----- RECORDED DATA

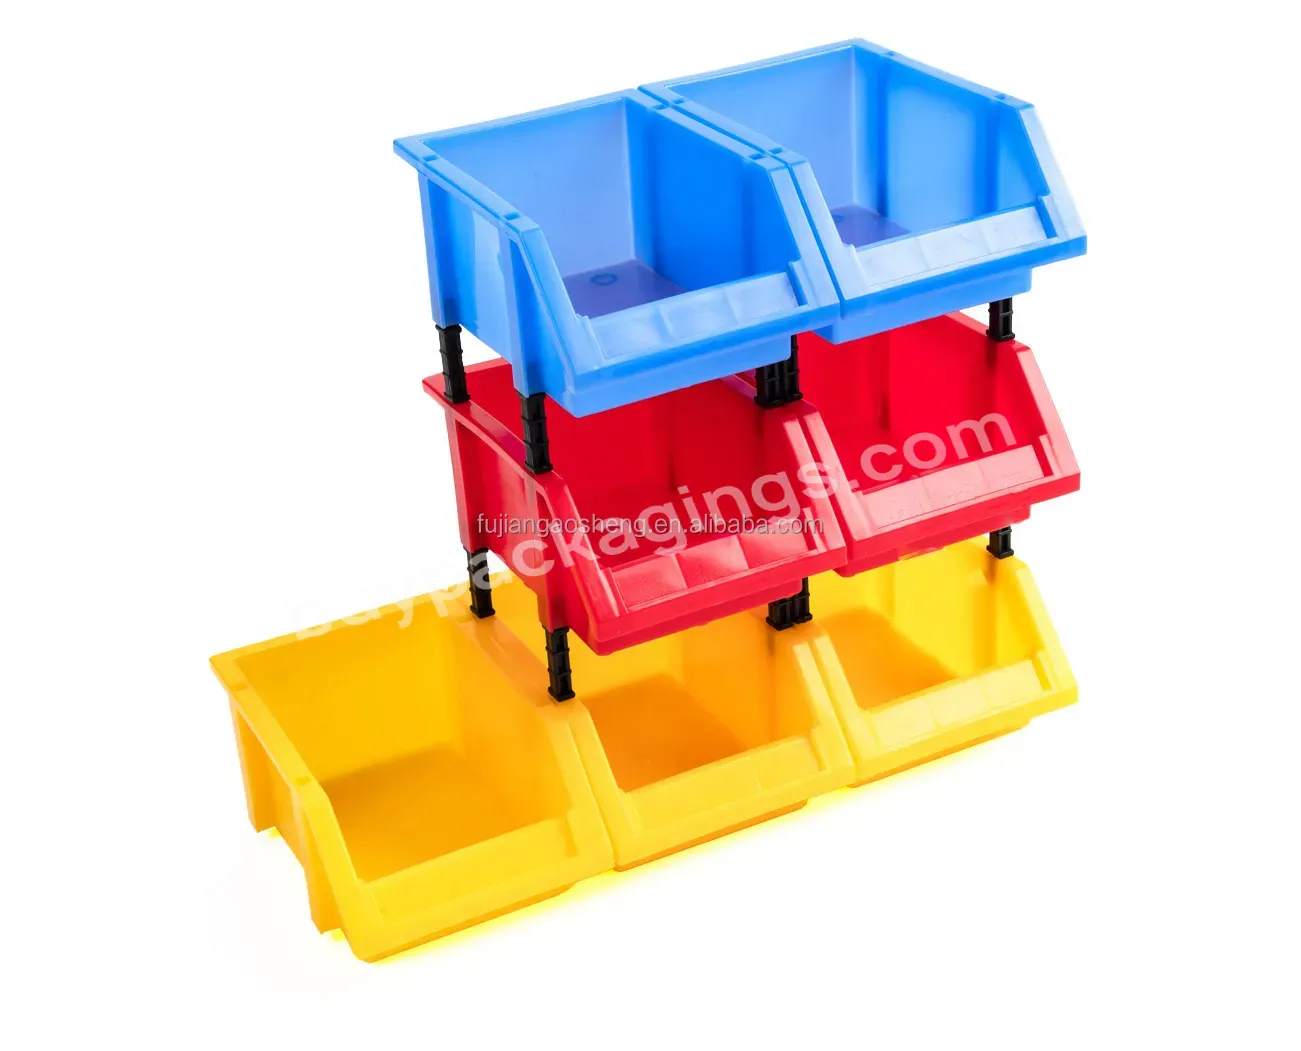 Cheap Price Shelf Bins For Industrial Plastic Portable Boxes Plastic Stackable And Divisible Storage Shelf Bins - Buy Kids Plastic Storage Bins,Cheap Plastic Storage Bins,Stackable Bread Bin.
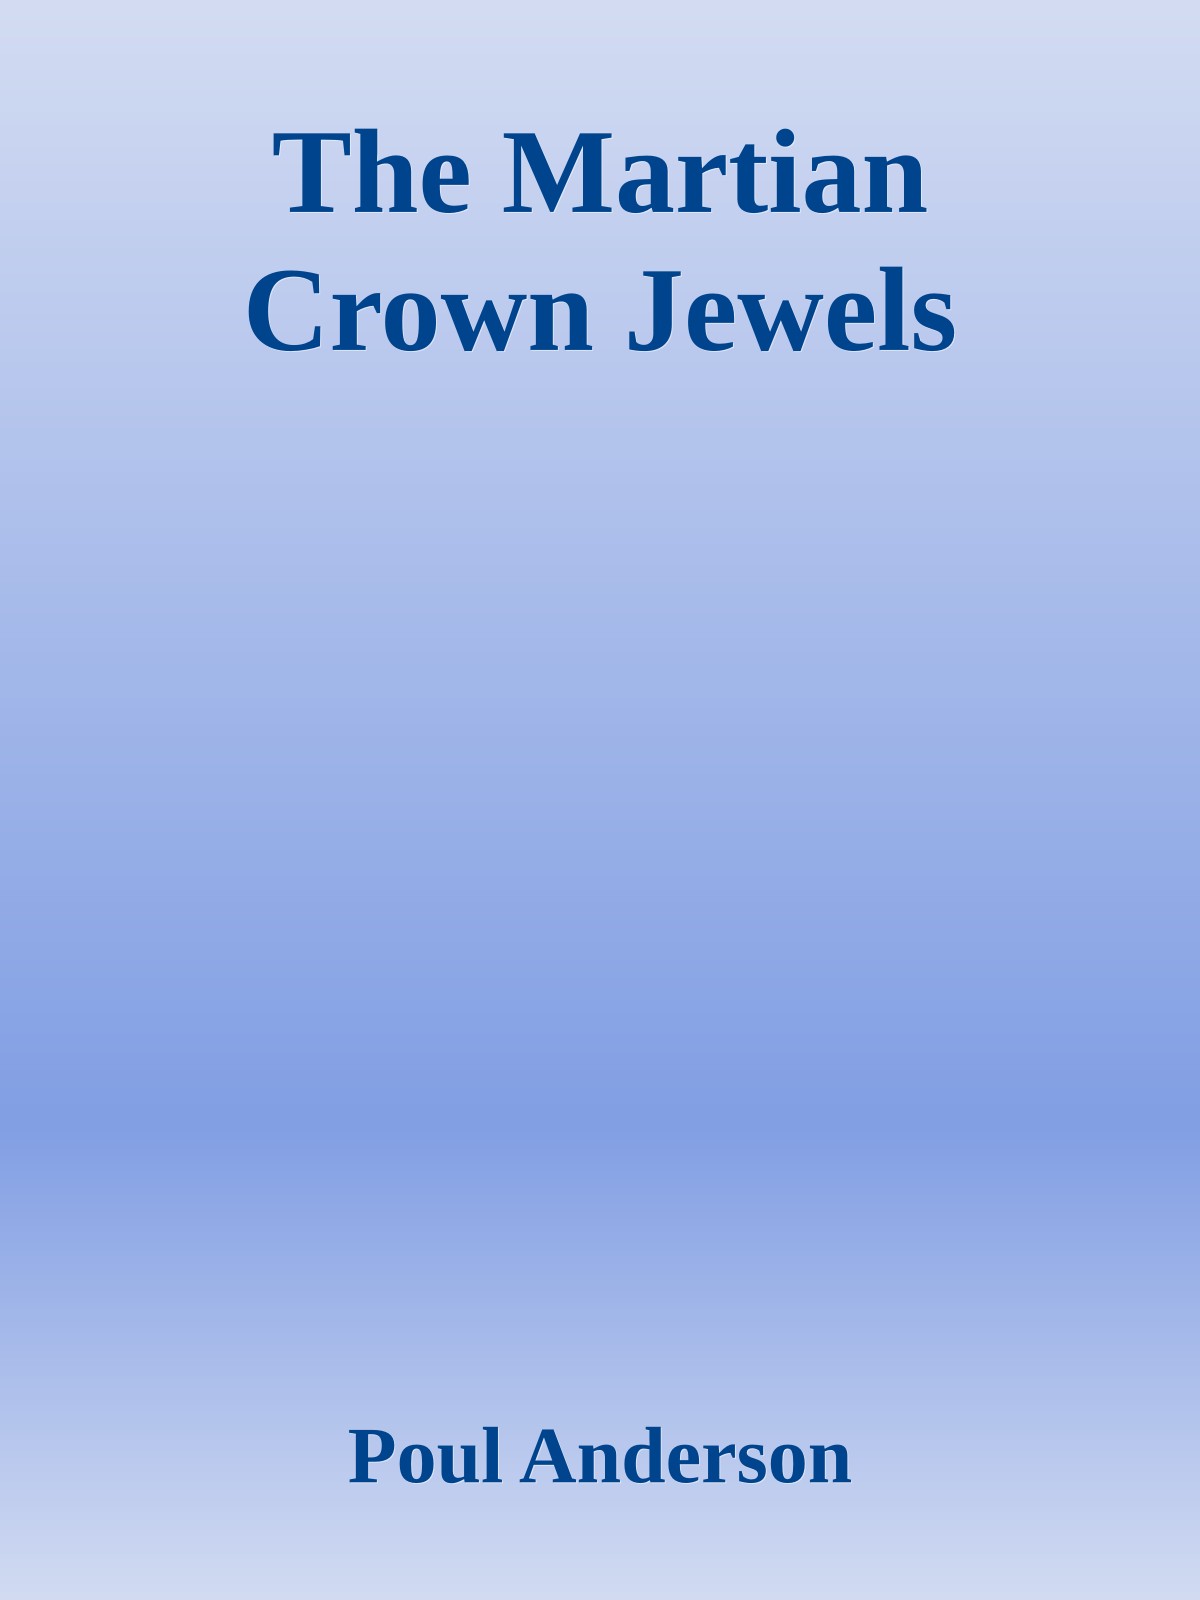 The Martian Crown Jewels
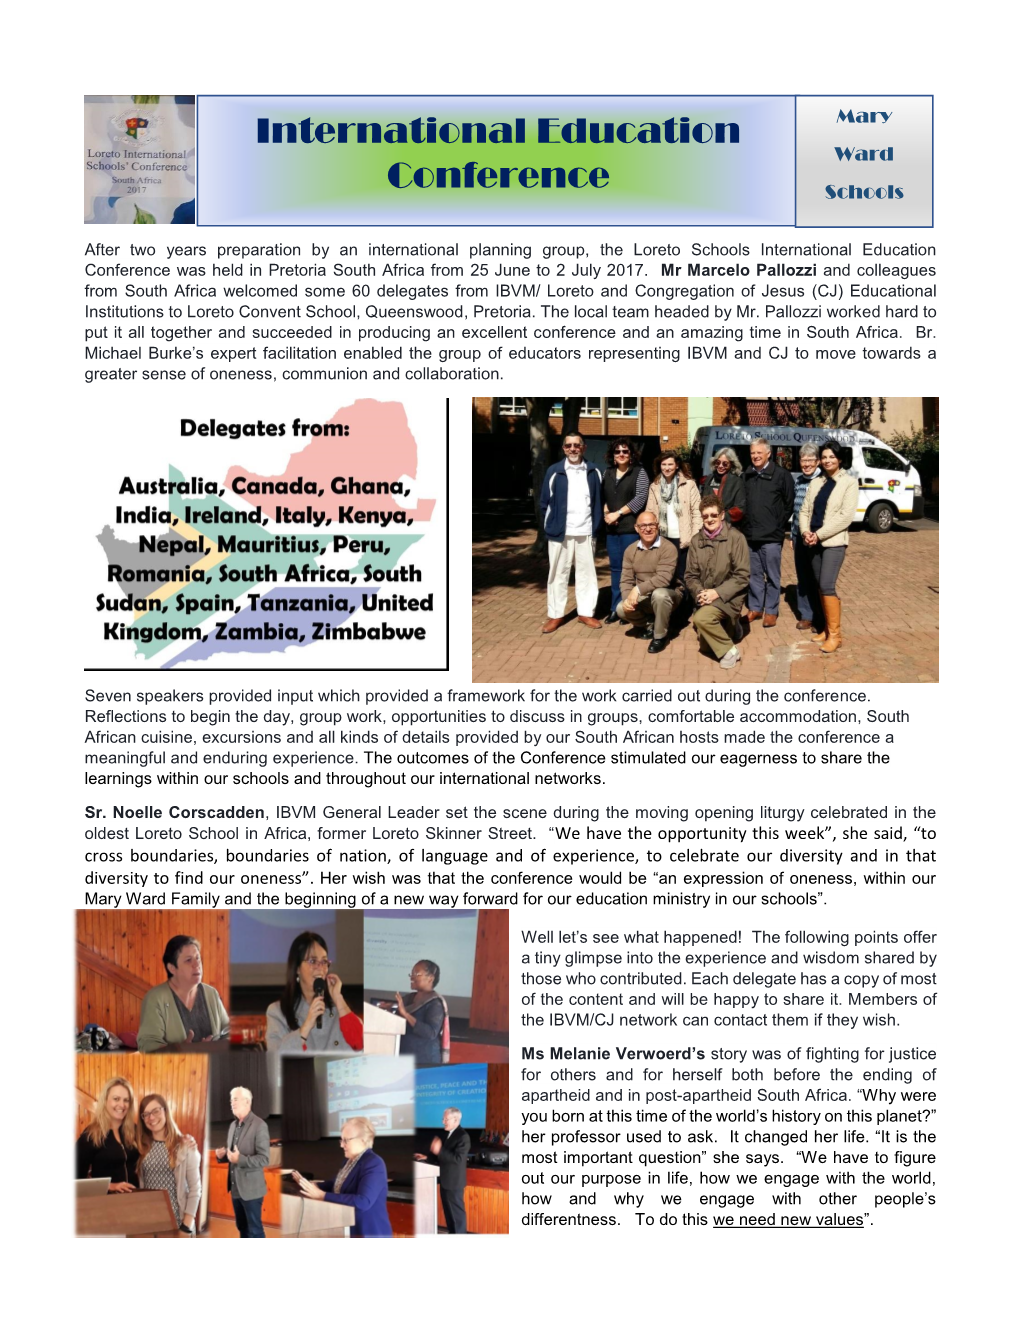 International Education Conference Was Held in Pretoria South Africa from 25 June to 2 July 2017
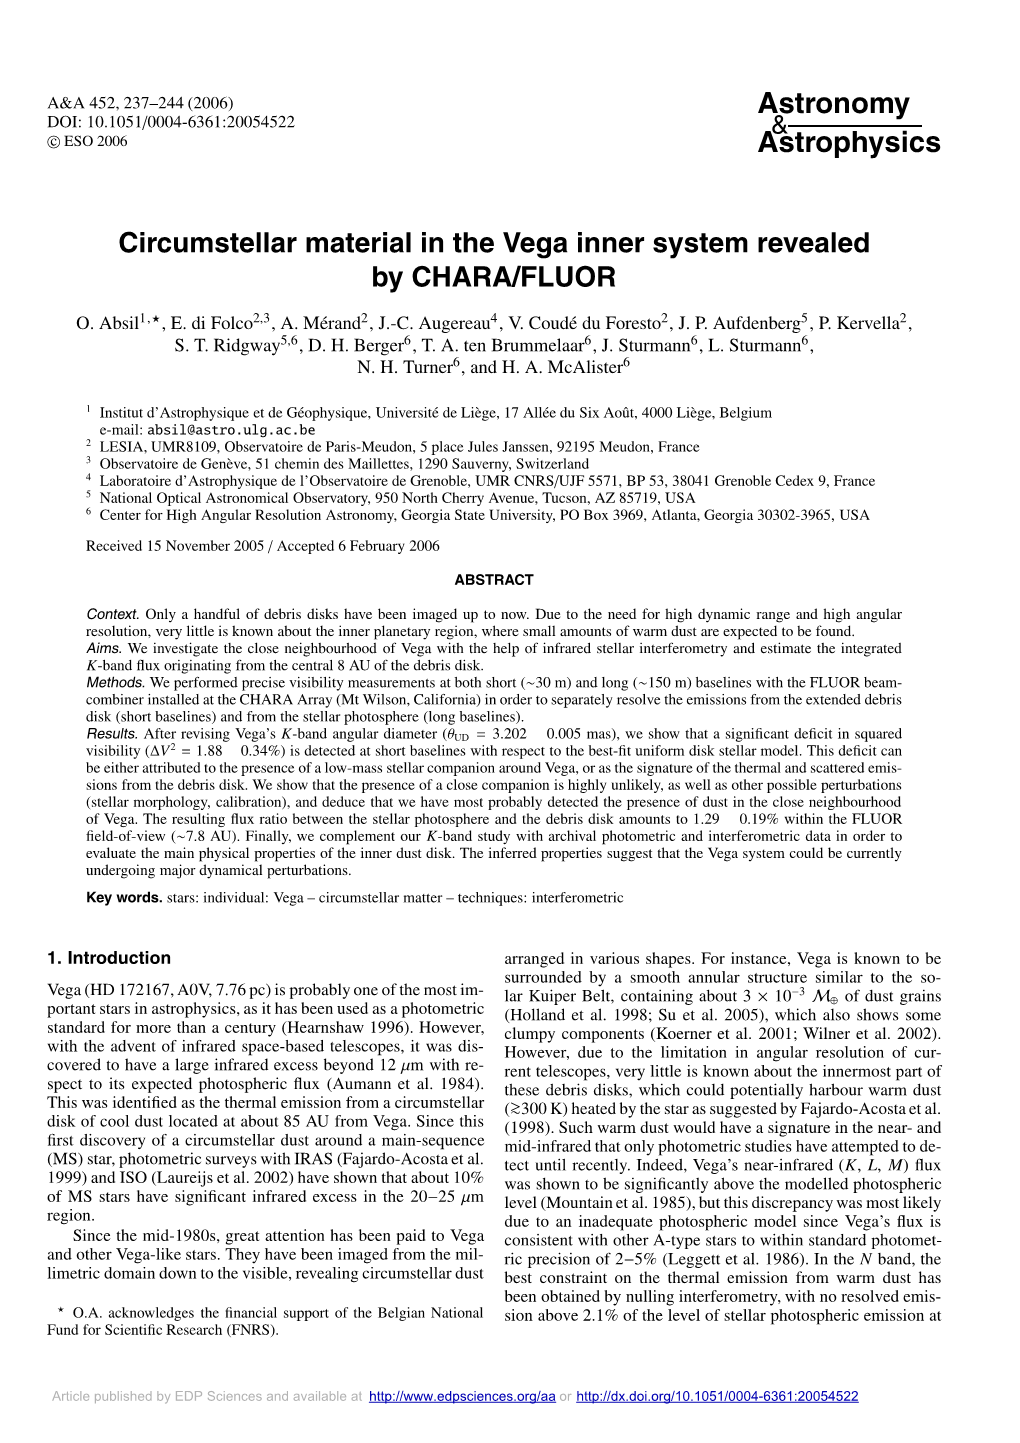 Circumstellar Material in the Vega Inner System Revealed by CHARA/FLUOR

----------

> [WHAT IS EXPECTED] Please repeat the lines above from the line containing "International Education Conference" through the final line, both included, exactly as they stand and without pictures.

> [RESULT FOR THIS TASK]
 International Education Conference Was Held in Pretoria South Africa from 25 June to 2 July 2017
 Circumstellar Material in the Vega Inner System Revealed by CHARA/FLUOR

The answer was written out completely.